You might not like the results, but I'll try it.  The coupling absolute
exponent and number of exponent groups are handled differently than in
the full bandwidth channels.

> 
> [...]
> 
>>+    /* snroffset */
>>+    if(get_bits1(gb)) {
>>+        /* coarse snr offset */
>>+        ctx->csnroffst = get_bits(gb, 6);
>>+
>>+        /* fine snr offsets and fast gain codes */
>>+        if(ctx->cplinu){
>>+            ctx->fsnroffst[ctx->cpl_channel] = get_bits(gb, 4);
>>+            ctx->fgaincod [ctx->cpl_channel] = get_bits(gb, 3);
>>+        }
>>+        for(ch=0; ch<ctx->nchans; ch++) {
>>+            ctx->fsnroffst[ch] = get_bits(gb, 4);
>>+            ctx->fgaincod [ch] = get_bits(gb, 3);
>>+        }
>>+        memset(ctx->bit_alloc_stages, 3, sizeof(ctx->bit_alloc_stages));
>>+    }
>>+
>>+    /* coupling leak information */
>>+    if(ctx->cplinu && get_bits1(gb)) {
>>+        ctx->bit_alloc_params.cplfleak = get_bits(gb, 3);
>>+        ctx->bit_alloc_params.cplsleak = get_bits(gb, 3);
>>+        ctx->bit_alloc_stages[ctx->cpl_channel] = FFMAX(ctx->bit_alloc_stages[ctx->cpl_channel], 2);
>>+    }
>>+
>>+    /* delta bit allocation information */
>>+    if(get_bits1(gb)) {
>>+        /* bit allocation exists (new/reuse/none) */
>>+        if(ctx->cplinu) {
>>+            ctx->deltbae[ctx->cpl_channel] = get_bits(gb, 2);
>>+        }
>>+        for(ch=0; ch<nfchans; ch++) {
>>+            ctx->deltbae[ch] = get_bits(gb, 2);
>>+        }
>>+
>>+        /* delta offset, len and bit allocation */
>>+        if(ctx->cplinu) {
>>+            ch = ctx->cpl_channel;
>>+            if(ctx->deltbae[ch] == DBA_NEW) {
>>+                ctx->deltnseg[ch] = get_bits(gb, 3);
>>+                for(seg=0; seg<=ctx->deltnseg[ch]; seg++) {
>>+                    ctx->deltoffst[ch][seg] = get_bits(gb, 5);
>>+                    ctx->deltlen[ch][seg] = get_bits(gb, 4);
>>+                    ctx->deltba[ch][seg] = get_bits(gb, 3);
>>+                }
>>+            }
>>+            ctx->bit_alloc_stages[ch] = FFMAX(ctx->bit_alloc_stages[ch], 2);
>>+        }
>>+        for(ch=0; ch<nfchans; ch++) {
>>+            if(ctx->deltbae[ch] == DBA_NEW) {
>>+                ctx->deltnseg[ch] = get_bits(gb, 3);
>>+                for(seg=0; seg<=ctx->deltnseg[ch]; seg++) {
>>+                    ctx->deltoffst[ch][seg] = get_bits(gb, 5);
>>+                    ctx->deltlen[ch][seg] = get_bits(gb, 4);
>>+                    ctx->deltba[ch][seg] = get_bits(gb, 3);
>>+                }
>>+            }
>>+            ctx->bit_alloc_stages[ch] = FFMAX(ctx->bit_alloc_stages[ch], 2);
>>+        }
> 
> 
> why not put the cpl_channel at ch=-1 position? maybe ive already asked that
> i dont remember exactly ...

It ends up making things more complex overall for the simplicity gain in
a few places.  The coupling channel is sometimes handled before full
channels, but other times it comes after the first coupled channel.
Also, there are some cases where it has to be treated differently
anyway, as with the exponent decoding.  The case above with delta bit
allocation is the only place I really dislike how the current way works.

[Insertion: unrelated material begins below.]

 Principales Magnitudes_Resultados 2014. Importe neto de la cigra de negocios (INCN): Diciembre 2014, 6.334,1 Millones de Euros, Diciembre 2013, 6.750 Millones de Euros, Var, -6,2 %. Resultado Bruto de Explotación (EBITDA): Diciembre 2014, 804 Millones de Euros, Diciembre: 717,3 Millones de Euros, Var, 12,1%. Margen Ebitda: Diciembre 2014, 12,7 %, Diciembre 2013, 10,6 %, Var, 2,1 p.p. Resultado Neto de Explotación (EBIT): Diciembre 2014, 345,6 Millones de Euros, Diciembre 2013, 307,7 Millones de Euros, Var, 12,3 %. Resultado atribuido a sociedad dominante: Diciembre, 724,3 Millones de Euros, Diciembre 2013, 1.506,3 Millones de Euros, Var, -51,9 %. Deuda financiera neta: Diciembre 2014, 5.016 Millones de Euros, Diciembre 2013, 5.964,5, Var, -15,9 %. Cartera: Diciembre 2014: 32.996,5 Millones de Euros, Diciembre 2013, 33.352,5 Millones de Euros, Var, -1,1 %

But I'll try it out just to see what the results look like.

> 
> [...]
> 
>>+    /* apply dynamic range scaling */
>>+    for(ch=0; ch<ctx->nchans; ch++) {
>>+        float gain = 1.0f;
>>+        if(ctx->acmod == AC3_ACMOD_DUALMONO) {
>>+            gain = 2.0f * ctx->dynrng[ch];
>>+        } else {
>>+            gain = 2.0f * ctx->dynrng[0];
>>+        }
> 
> 
> hmmmm, setting gain to 1.0 and then setting it to another value, the
> initial set is useless

yeah, I tend to do that by habit to shut the compiler up...  I guess it
could be set to 2.0f and then do gain *= ctx->dynrng[XX].

> 
> [...]
> 
>>+    /* convert float to 16-bit integer */
>>+    for(ch=0; ch<ctx->out_channels; ch++) {
>>+        for(i=0; i<256; i++) {
>>+            ctx->output[ch][i] = ctx->output[ch][i] * ctx->mul_bias +
>>+                                 ctx->add_bias;
>>+        }
>>+        ctx->dsp.float_to_int16(ctx->int_output[ch], ctx->output[ch], 256);
> 
> 
> this isnt exactly ideal
> the bias should be applied in some more efficient way like multiplying some
> scaling coefficients, allthough i dunno if thats possible in AC3 ...
> 
> [...]

Well, currently the only scale factors applied besides the bias are the
dynamic range (applied to freq coefficients) and sometimes downmixing
(applied to time domain samples).  I don't really know if scaling the
frequency coefficients before the imdct yields the same results as
scaling after the transform, but I can try to test it out.  In theory it
should, but I don't always trust theory. :)

Thanks,
Justin